### Exercise instructions
Leaving the pictures aside, return all of the data below exactly.

=== Supplied material ===

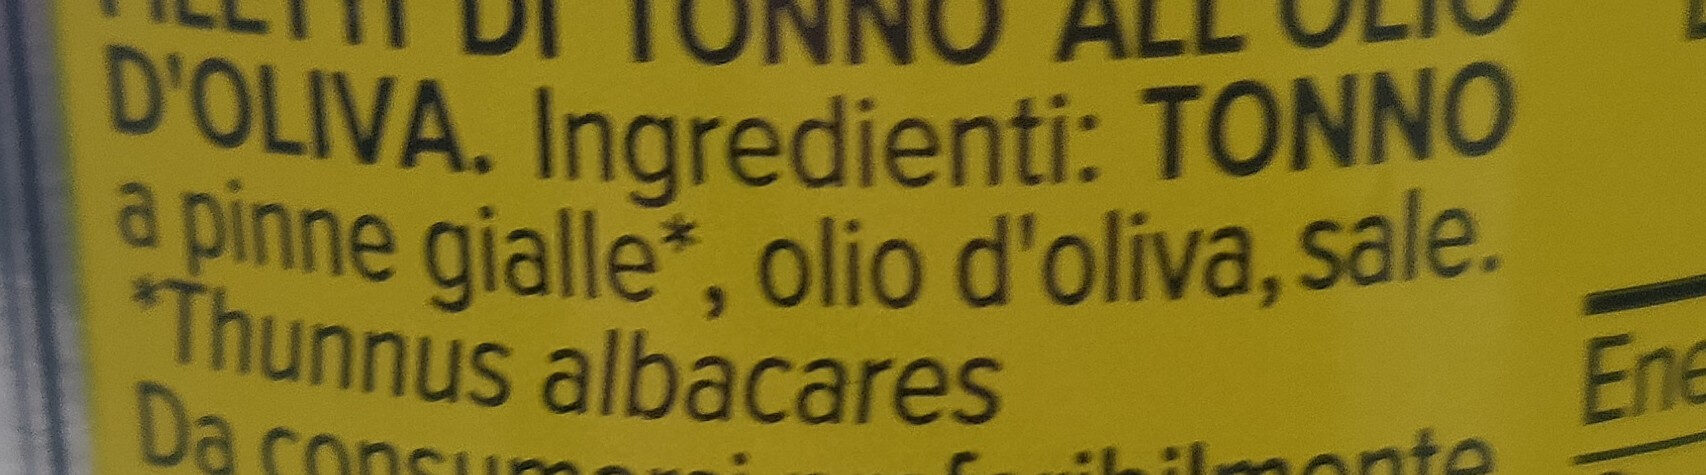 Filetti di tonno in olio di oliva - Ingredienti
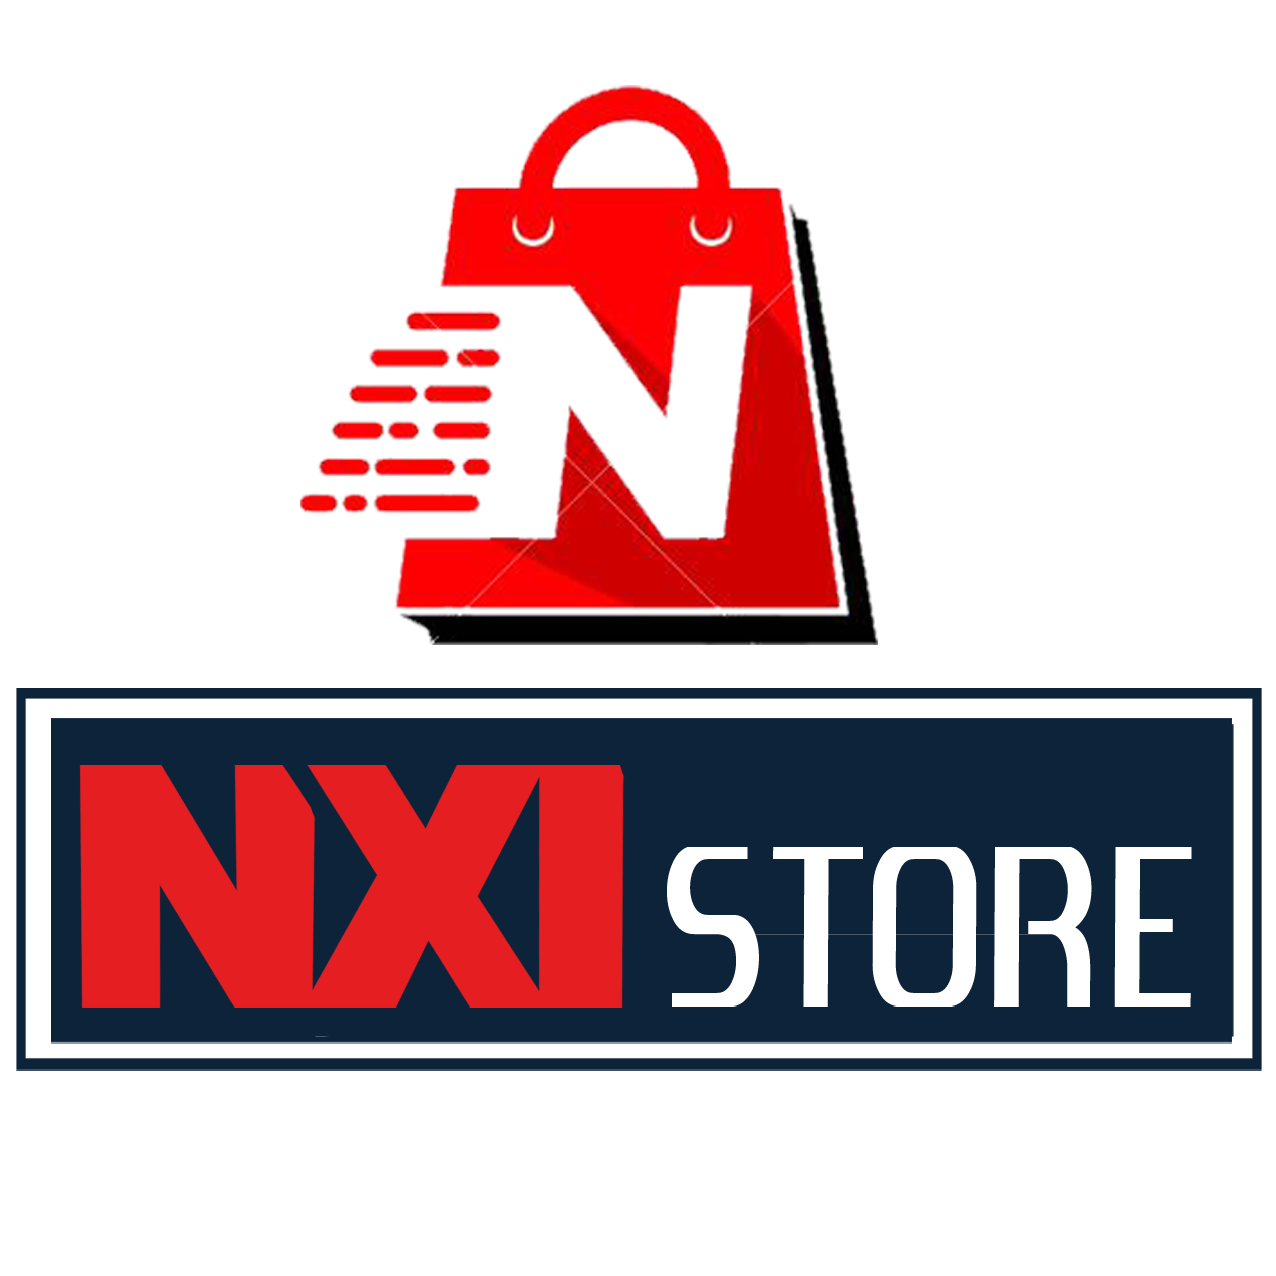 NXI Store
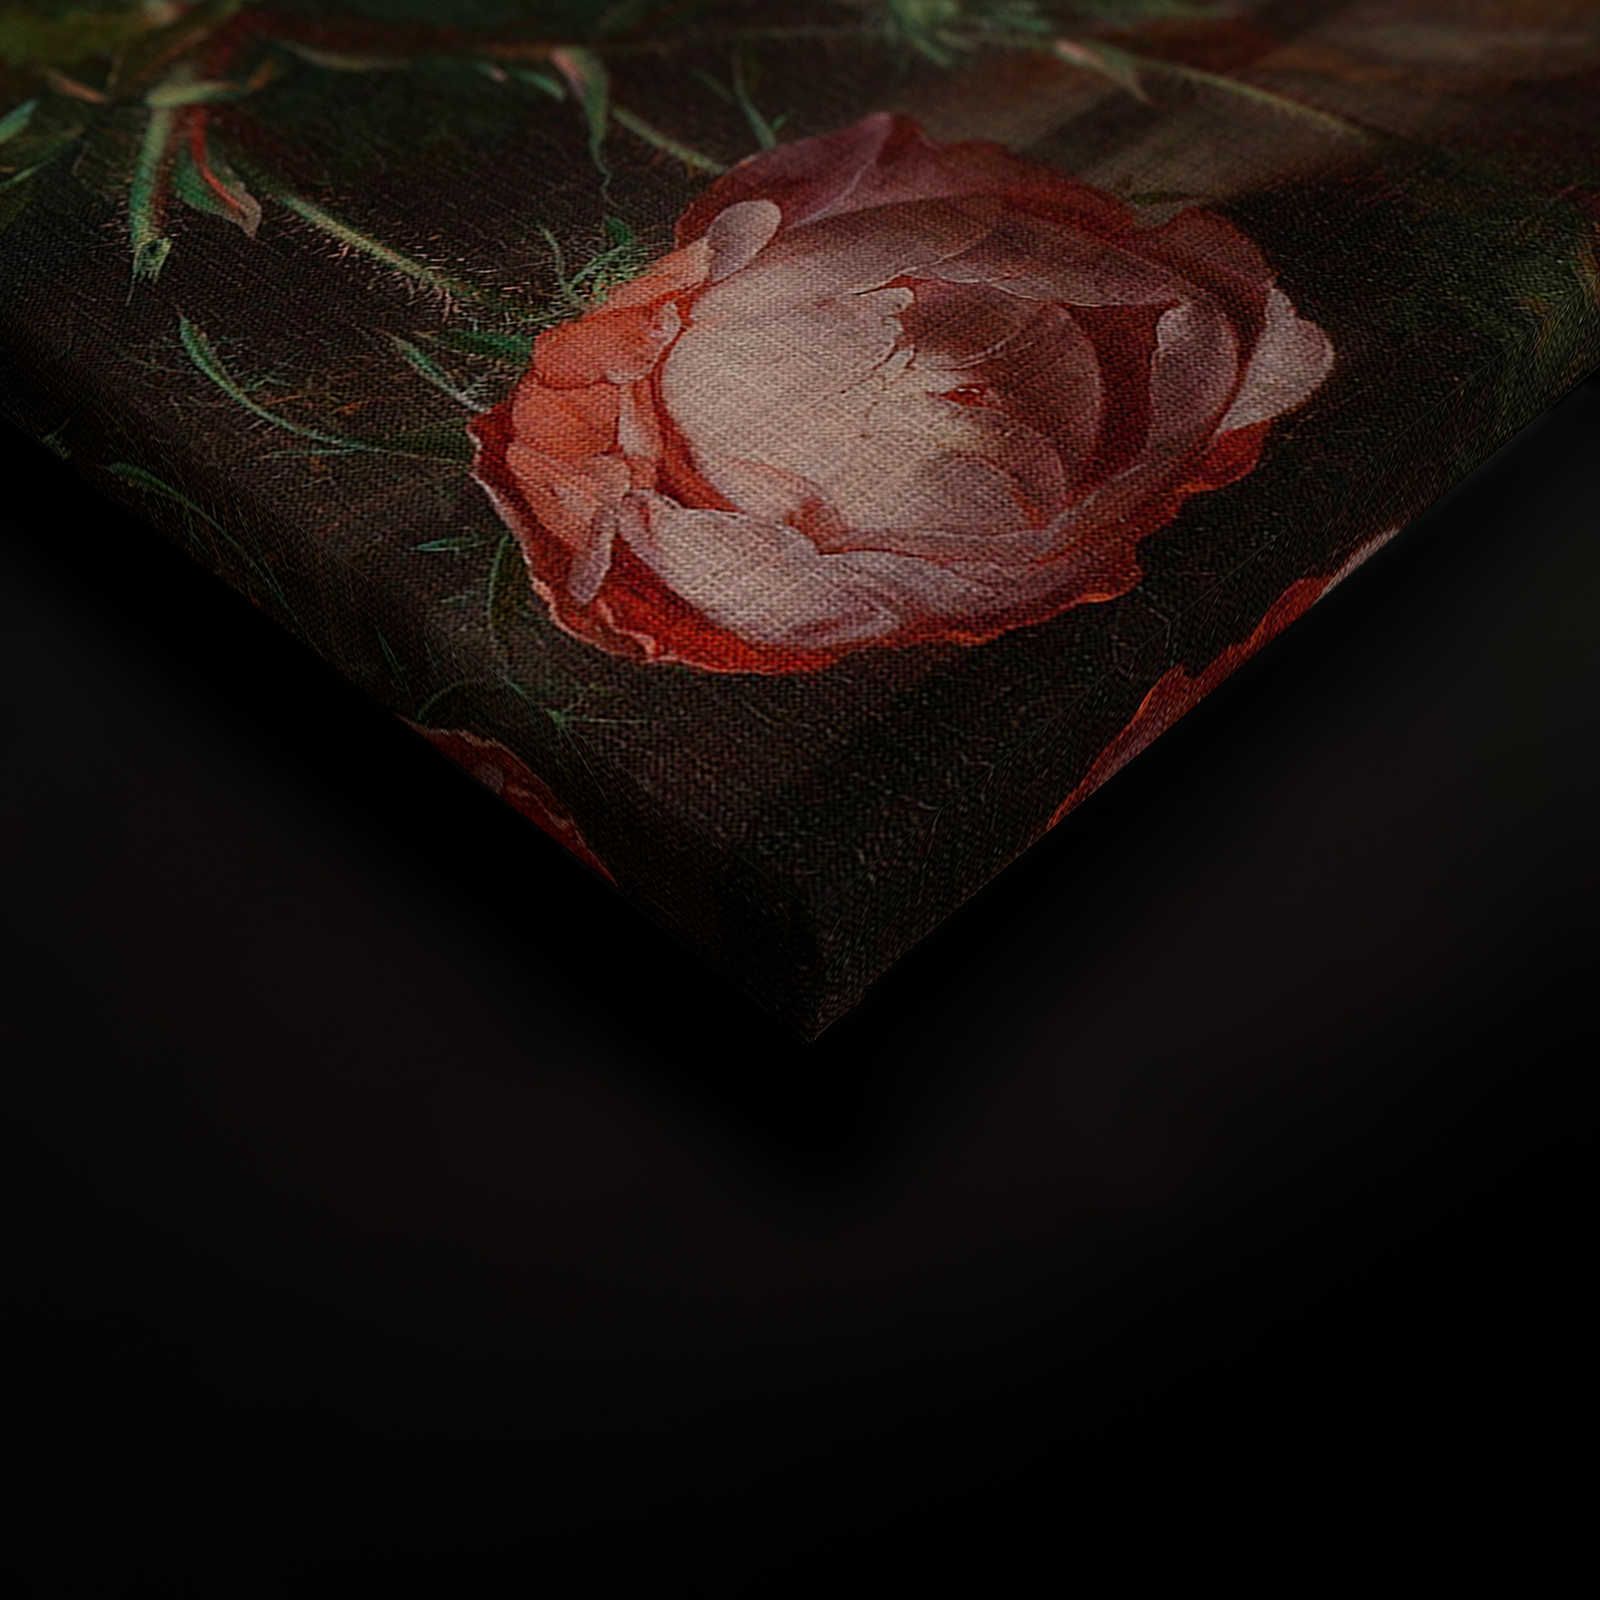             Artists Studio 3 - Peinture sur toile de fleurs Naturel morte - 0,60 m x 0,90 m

===

### Exercise result
 Filetti di tonno in olio di oliva - Ingredienti
 NXI Store
             Artists Studio 3 - Peinture sur toile de fleurs Naturel morte - 0,60 m x 0,90 m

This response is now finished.